They then measured model performance before and after these changes, using several modern LLMs (such as GPT-4o, Qwen-Coder, DeepSeek, and Llama).
What did they find, and why is it important?
The authors report three main results:
- Summarization drops a lot when names disappear, especially for real-world code.
- When names like
MinesweeperGameare present, models produce good summaries that capture intent. - After renaming, models often fall back to boring, line-by-line descriptions (they describe what happens step by step instead of explaining the big idea).
- This shows that models rely heavily on names to figure out “what” the program is for.
- Even execution prediction (which should only depend on structure) gets worse without names.

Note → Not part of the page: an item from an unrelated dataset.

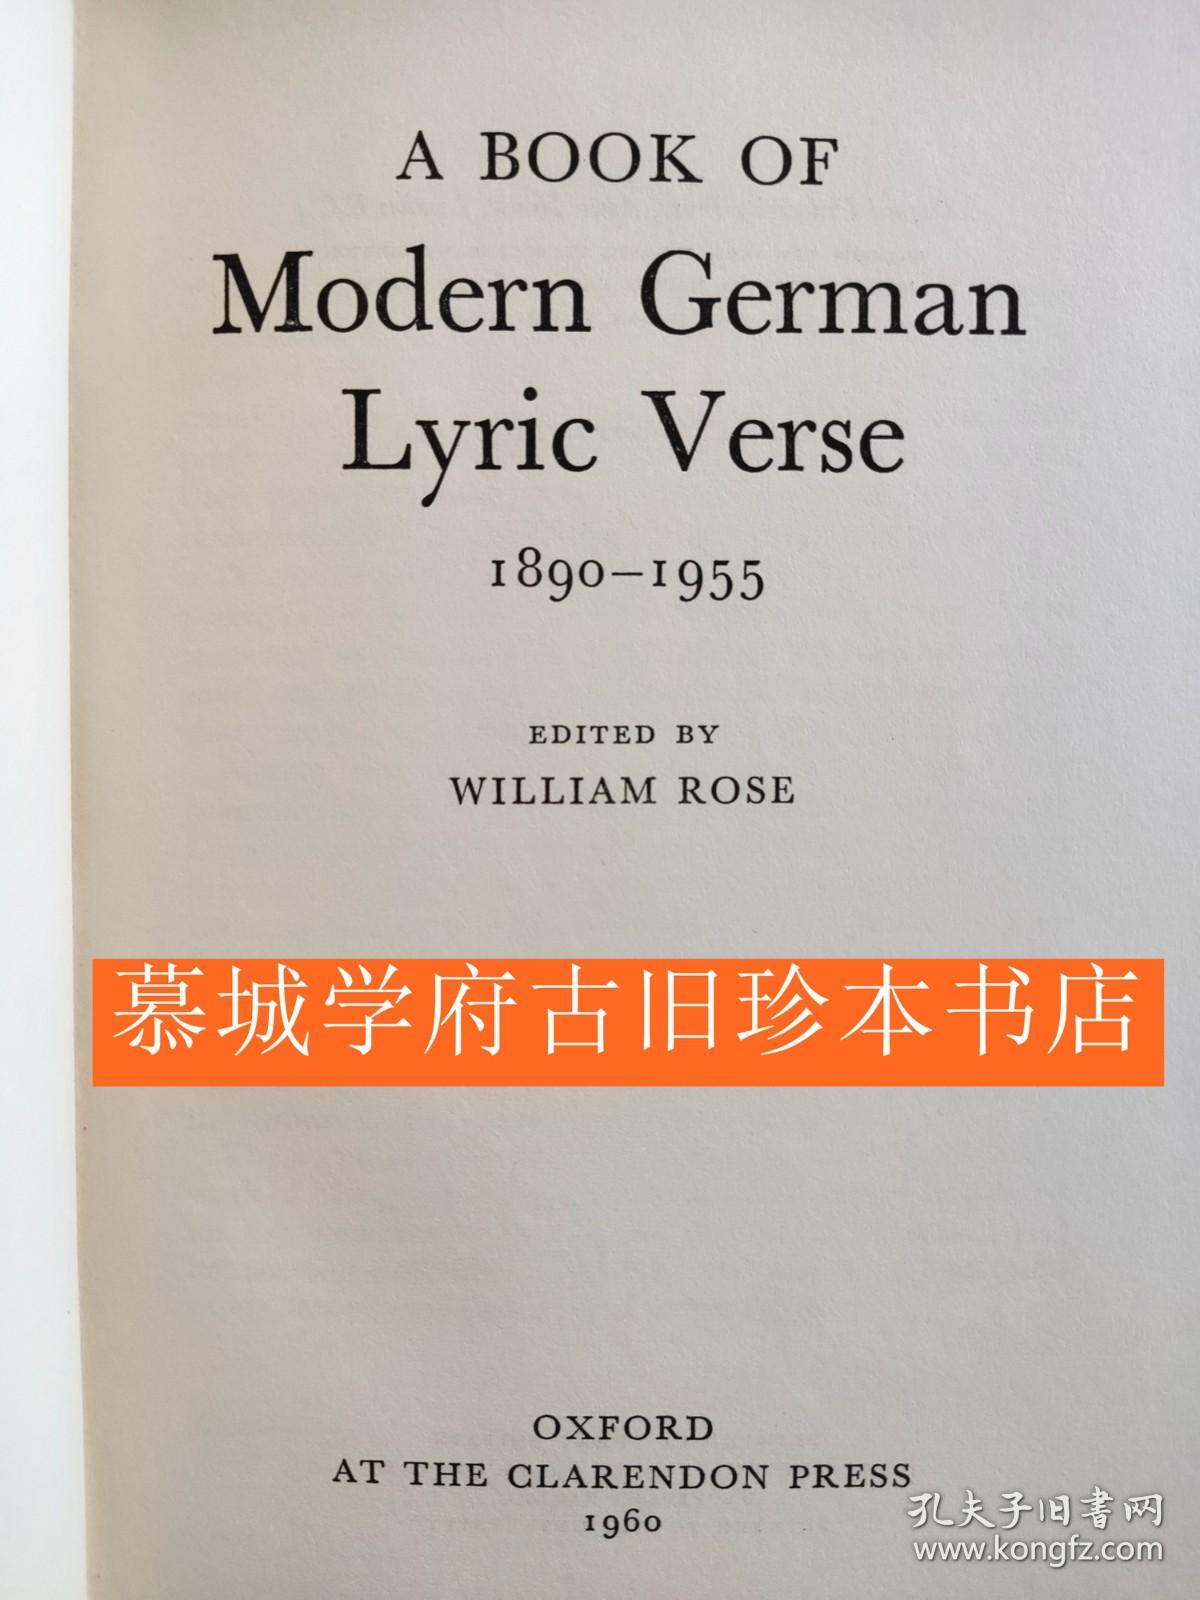 【包邮】《牛津现代德国诗选》A BOOK OF MODERN GERMAN LYRIC VERSE 1890-1955 EDITED BY WILLIAM ROSE

- This is surprising. The code still runs the same way, so in theory the model should predict outputs just as well.
- Performance still drops across several models and datasets.
- The most likely reason: models are using names as shortcuts or “memory keys” to recall patterns they’ve seen before, instead of reasoning through the code every time.
- Evidence of memorization
- The authors ran a “memory check” by feeding new inputs so outputs would be different from those in training.
- With original names, models sometimes reproduced old outputs from memory instead of computing new ones.
- With obfuscated names, this memorization effect went down a lot, which suggests names were acting like triggers for memorized code-output pairs.
Because of these results, the authors created a new benchmark called ClassEval-Obf (the “Obf” stands for obfuscated). It reduces name-based shortcuts while keeping the code behavior the same. They show that this benchmark gives a fairer, more reliable measure of true code understanding.
What’s the impact? Why this matters
This work matters for anyone building or evaluating AI for coding:
- It shows that strong scores on popular benchmarks may be partly inflated by models using names as hints rather than doing deep reasoning.
- It recommends better testing: hide or change names and use new input-output pairs to reduce memorization.
- It provides tools and a dataset (ClassEval-Obf) to help researchers and developers measure genuine code understanding.
- Long term, this could lead to AI systems that truly grasp program logic and intent, not just “look up” familiar patterns.
In short
- Code has two channels: how it works (structure) and what names tell us (intent).
- Today’s models often rely on names more than we expect, even for tasks that should depend only on behavior.
- Removing names exposes this reliance and pushes models to reason more.
- The paper offers a better benchmark to test true understanding, helping AI move beyond memorization toward real code comprehension.
Knowledge Gaps
Knowledge gaps, limitations, and open questions
Below is a focused list of what remains missing, uncertain, or unexplored in the paper, phrased to be concrete and actionable for future research.
- Cross-language generalization is untested: results are reported primarily on Python-like code; effects for statically typed languages (e.g., Java, C++, C#), languages with heavy reflection (e.g., Java, C#), and minified/transpiled ecosystems (e.g., JavaScript/TypeScript) are unknown.
- Comments/docstrings and other natural-language artifacts are not systematically controlled: the study focuses on identifiers, leaving open how comments, docstrings, commit messages, or surrounding NL contexts affect intent and execution under obfuscation.
- Semantics-preserving guarantee lacks formalization: the “capture-avoiding obfuscation harness” is not specified in enough detail to verify that reflection, metaprogramming, dynamic attribute access, string-based getattr/setattr, serialization, or framework conventions (e.g., Django “magic” names) are not inadvertently broken by renaming.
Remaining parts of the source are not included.